Hi Guys and Happy Christmas from the UK!!

I need an NVR switch for my table mounted DW625EL. They don't seem to be available in the UK. Can anybody recommend a supplier from the US?

Thanks

Steve


----------



## bobj3 (Jan 17, 2006)

Hi Steve

Try the links below

Power Tool NVR Switch : Buy Power Tool NVR Switch at Axminster Power Tool Centre

Wealden Tool Company Limited NVR switch

========



Barreller said:


> Hi Guys and Happy Christmas from the UK!!
> 
> I need an NVR switch for my table mounted DW625EL. They don't seem to be available in the UK. Can anybody recommend a supplier from the US?
> 
> ...


----------



## istracpsboss (Sep 14, 2008)

Barreller said:


> Hi Guys and Happy Christmas from the UK!!
> 
> I need an NVR switch for my table mounted DW625EL. They don't seem to be available in the UK. Can anybody recommend a supplier from the US?
> 
> ...


Hi Steve

Bob's links are good and Axminster is reasonably handy. OK, having spent time in South Devon I know North Devon and North Somerset are a fair trek away. 
US ones would be the wrong voltage anyway. 
I would have thought that your local electrical wholesaler could order up NVR switches if they haven't got them in stock. All the schools workshops I've seen use them and so do commercial ones.

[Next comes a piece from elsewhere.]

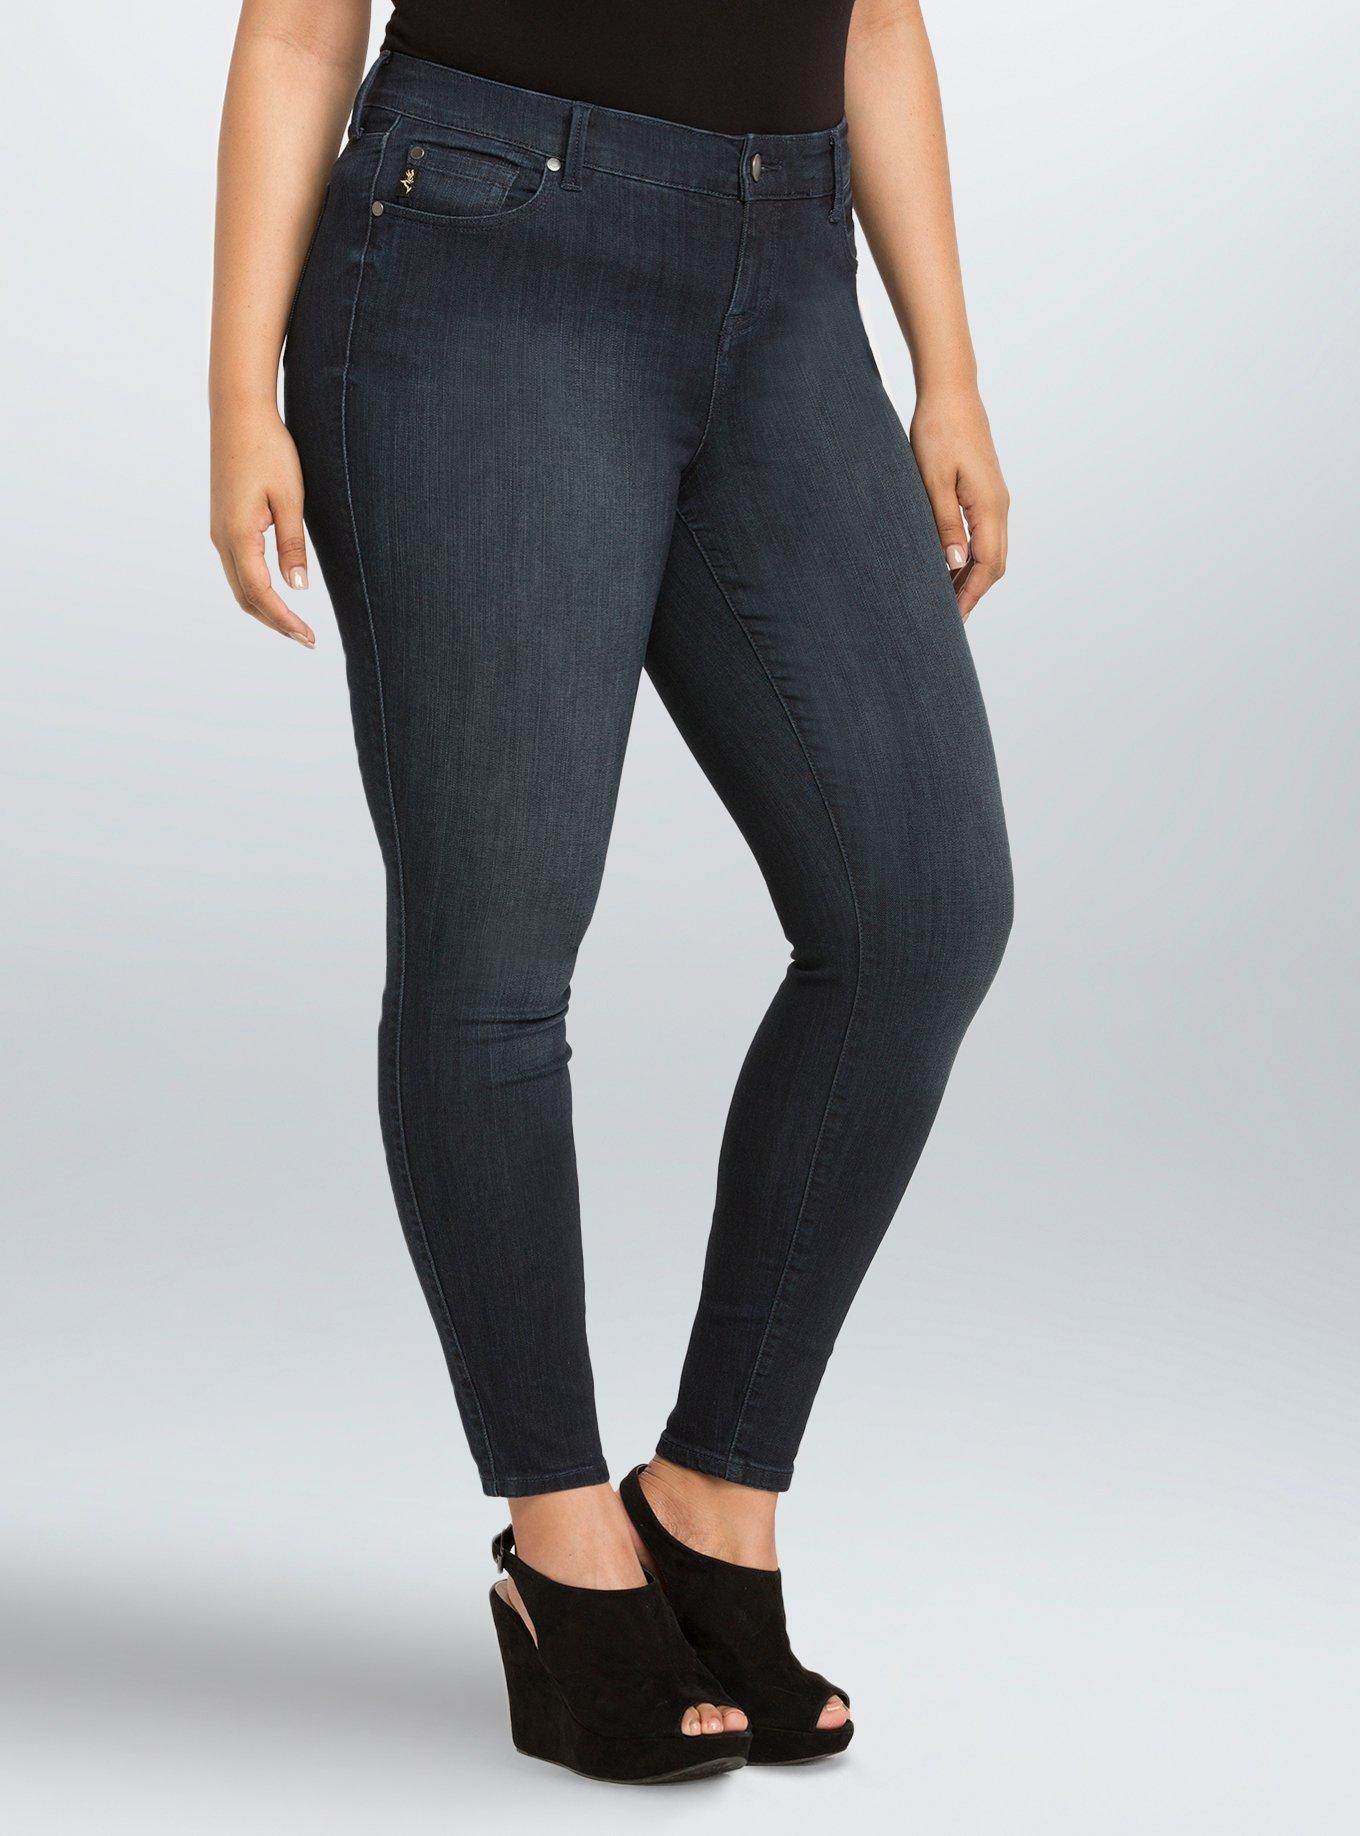 Plus Size Torrid Premium Ultra Skinny Jeans - Dark Wash (Regular) - Torrid

RS Components surely list them.
Welcome to rswww.com

Cheers

Peter


----------



## Barreller (Jun 1, 2009)

Hi Guys and thanks for the replies. What I didn't say, as this is a US forum, is that my router is 110 volt. Axminster (or "Toys for Boys" as it is known around here) only do a 240 volt version.

Steve


----------



## Mike Wingate (Apr 26, 2009)

I got mine from Charnwood W025 Nvr Switch, For Use With Any Router Table CNWW025 from Wokingham Tools
There should be no problem running a 110v tool from it as it is lower powered and still should take the amps.


----------



## Barreller (Jun 1, 2009)

Thanks Mike.

I emailed Charnwood and they replied that their switch is only for 240volts. Incidentally the DW625EL is 1850 watts so at 110 volts the current is more than double that at 240 volt for the same power (I'm not sure that you can do a simple Ohms law on this but it has to be close!) It seems that the only one available generally in the UK is the Trend one at £80 which seems a bit steep for a switch!! I'm still looking.

Steve


----------